La Cassazione, con una sentenza assolutamente innovativa, ha sostanzialmente parificato la costituzione di una “famiglia di fatto” al nuovo matrimonio in relazione alle conseguenze sull’assegno di mantenimento riconosciuto in sede di divorzio.
Come noto, l’ex coniuge che convola nuovamente a nozze perde automaticamente l’assegno divorzile a cui aveva, eventualmente, diritto, ciò per il logico ragionamento in base al quale, avendo egli espressamente deciso di costituire una nuova famiglia e ricevendo adeguata tutela in essa, viene meno la ratio del diritto al mantenimento rispetto al precedente matrimonio.
I Giudici di legittimità, discostandosi dalla giurisprudenza precedente che riteneva, in casi similari, sussistere una sorta di quiescenza del diritto all’assegno, che sarebbe ripreso una volta venuta meno la nuova convivenza, hanno ritenuto sostanzialmente di equiparare al nuovo matrimonio la costituzione della famiglia di fatto.
L’equiparazione non è totale dato che nel primo caso la cessazione del diritto al mantenimento è automatica, mentre nel secondo è soggetta all’accertamento giudiziale, ma certamente è molto, ma molto avanzata.
La Corte, quindi, prosegue nel suo percorso di attribuire al nucleo familiare non legato dal vincolo del matrimonio sempre maggior rilevanza avvicinandolo sempre di più a quello tradizionale e richiamando ”l’istituto di elaborazione giurisprudenziale della “famiglia di fatto“, da intendersi non come mera convivenza more uxorio, ma come vera e propria “famiglia”, portatrice di valori di stretta solidarietà, di arricchimento e sviluppo della personalità di ogni componente, e di educazione e istruzione dei figli, che trova un riconoscimento nell’art. 2 Cost”.
Il ragionamento è che, quando i conviventi elaborino e mettano in pratica un progetto di vita in comune, chi di loro goda di un assegno divorzile debba accettare che “il parametro dell’adeguatezza dei mezzi rispetto al tenore di vita goduto durante la convivenza matrimoniale… non può che venir meno di fronte all’esistenza di una vera e propria famiglia, ancorchè di fatto”.
Conseguentemente l’ex coniuge non può più pretendere di mantenere lo stesso tenore di vita rapportato alla pregressa convivenza matrimoniale e, quindi, il diritto all’assegno di mantenimento divorzile viene definitivamente meno.
Ciò anche in applicazione del principio di affidamento applicabile a chi era onerato dell’assegno, che, confidando nella stabilizzazione di altro rapporto in capo all’ex coniuge, ha il ragionevole convincimento di non dover più corrispondere alcunché.

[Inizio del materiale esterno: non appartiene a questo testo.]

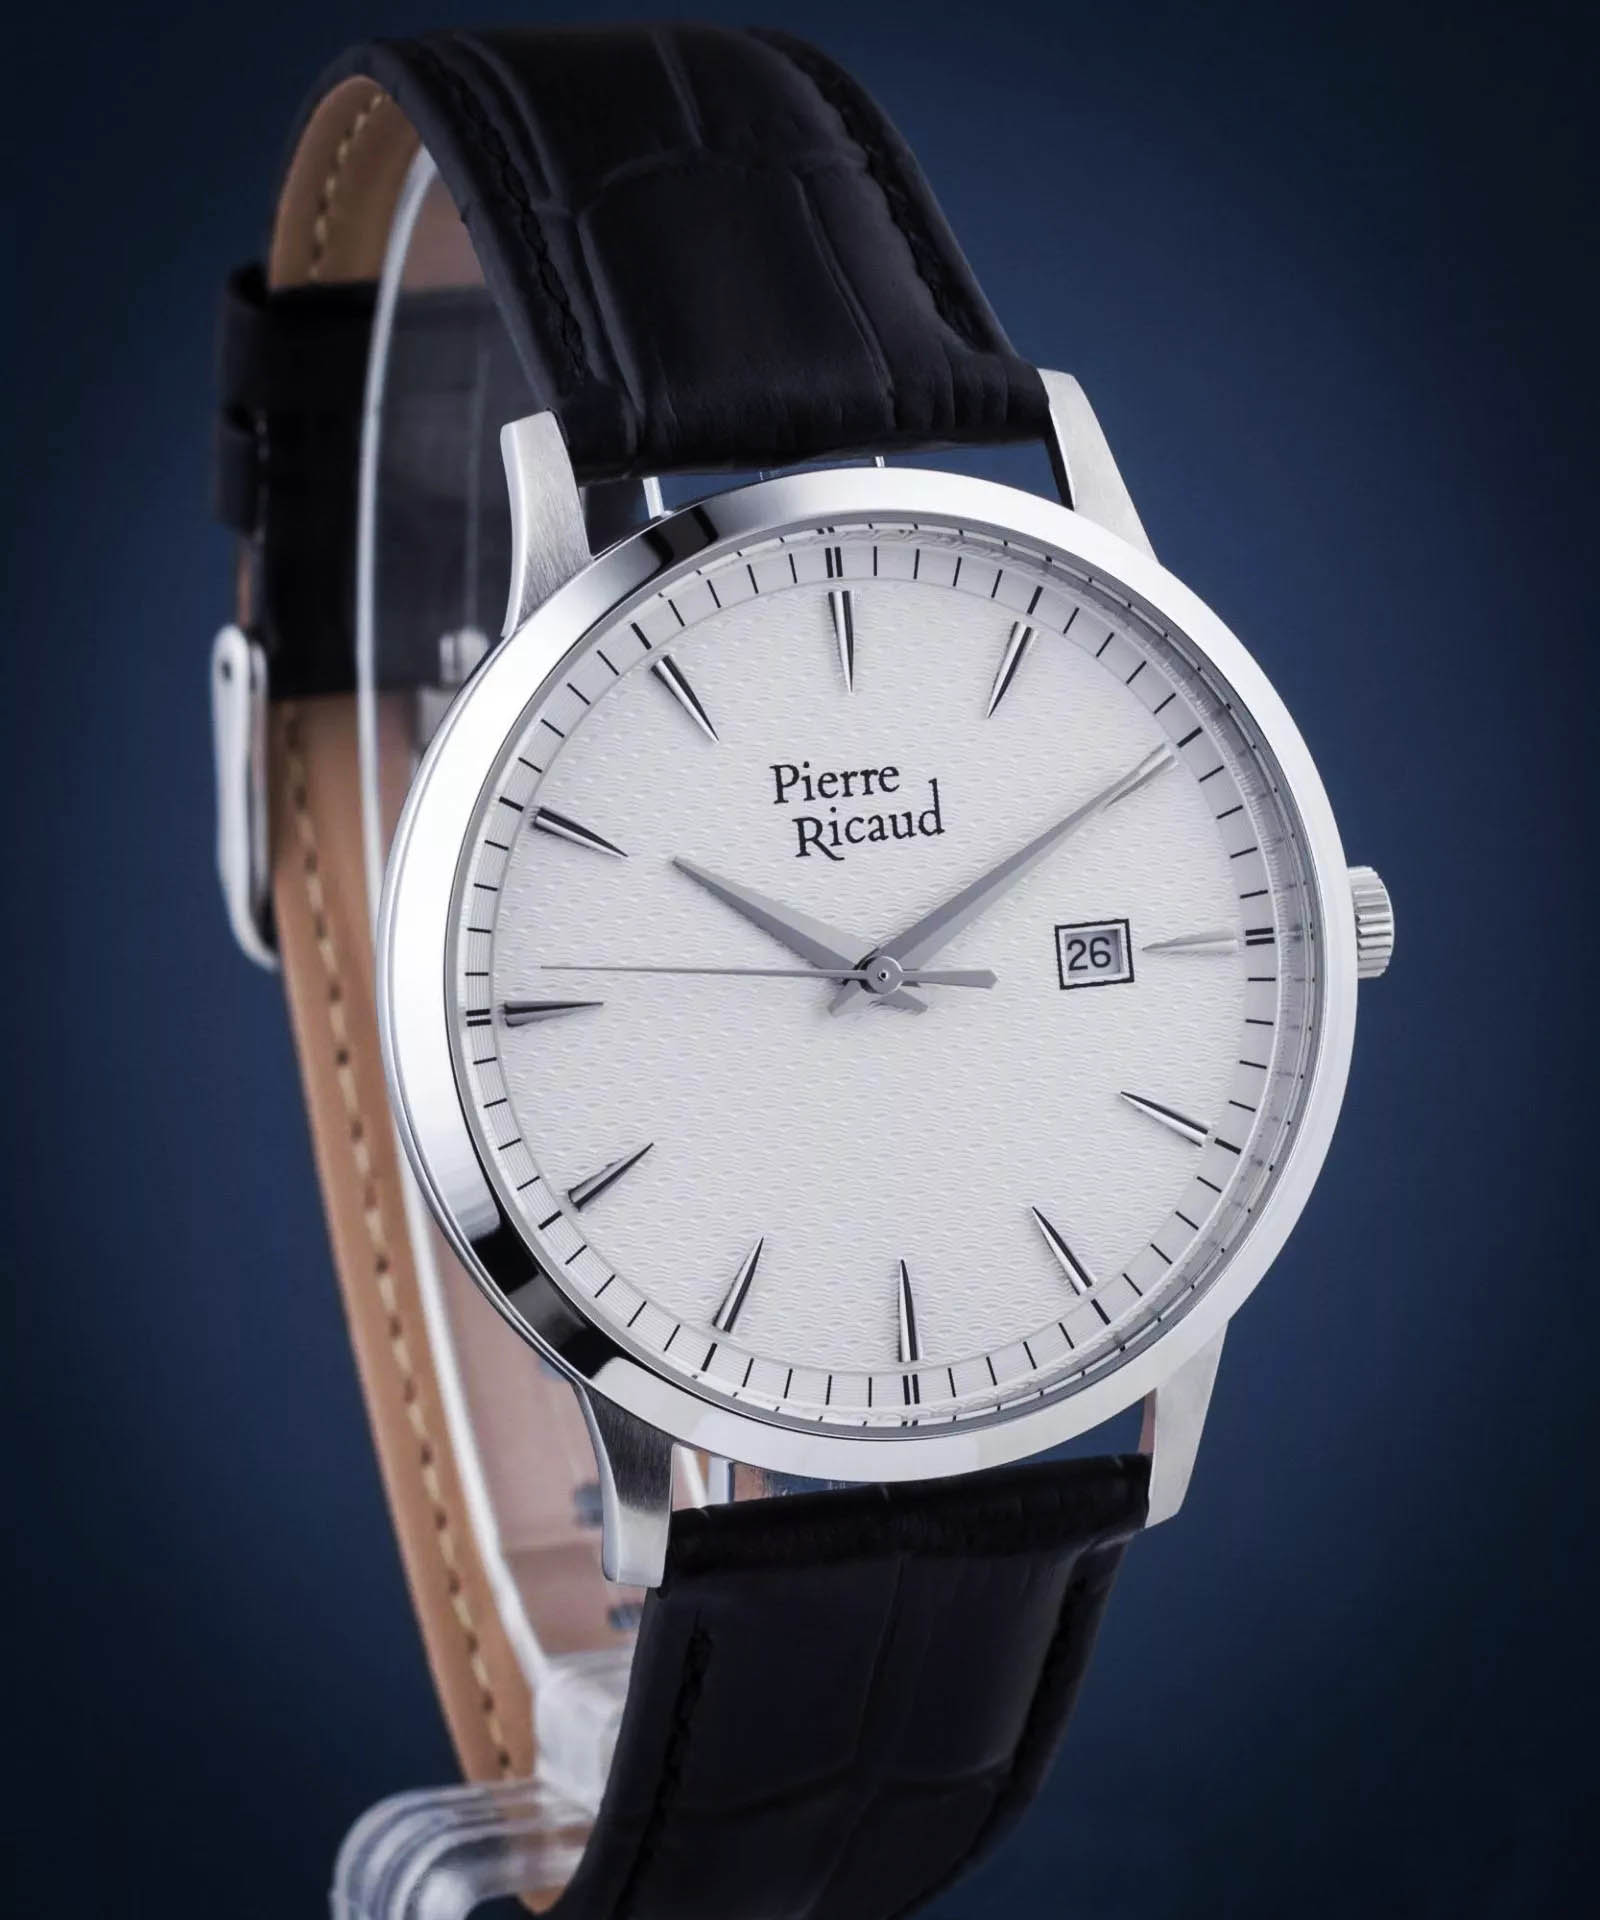 ساعت مچی مردانه پیر ریکد Pierre Ricaud اورجینال مدل P91023.5212Q

Quanto stabilito dalla Corte suscita alcune perplessità.
Infatti, a parte le questioni di carattere ideologico sull’equiparazione tra “famiglia di fatto” e quella fondata sul matrimonio, non può evitarsi di rilevare la difficoltà nella determinazione dei criteri per individuare quando ci sia una convivenza stabile tale da determinare la figura di “famiglia di fatto”, soprattutto in assenza figli, nonché i dubbi sulla tutela della parte più debole che, una volta perso l’assegno di mantenimento, nel caso in cui venisse meno la convivenza more uxorio non avrebbe alcun mezzo di sostentamento né dal convivente, salvo che non siano stati stipulati patti specifici (ma, ad oggi, sono molto rari), né dall’ex coniuge.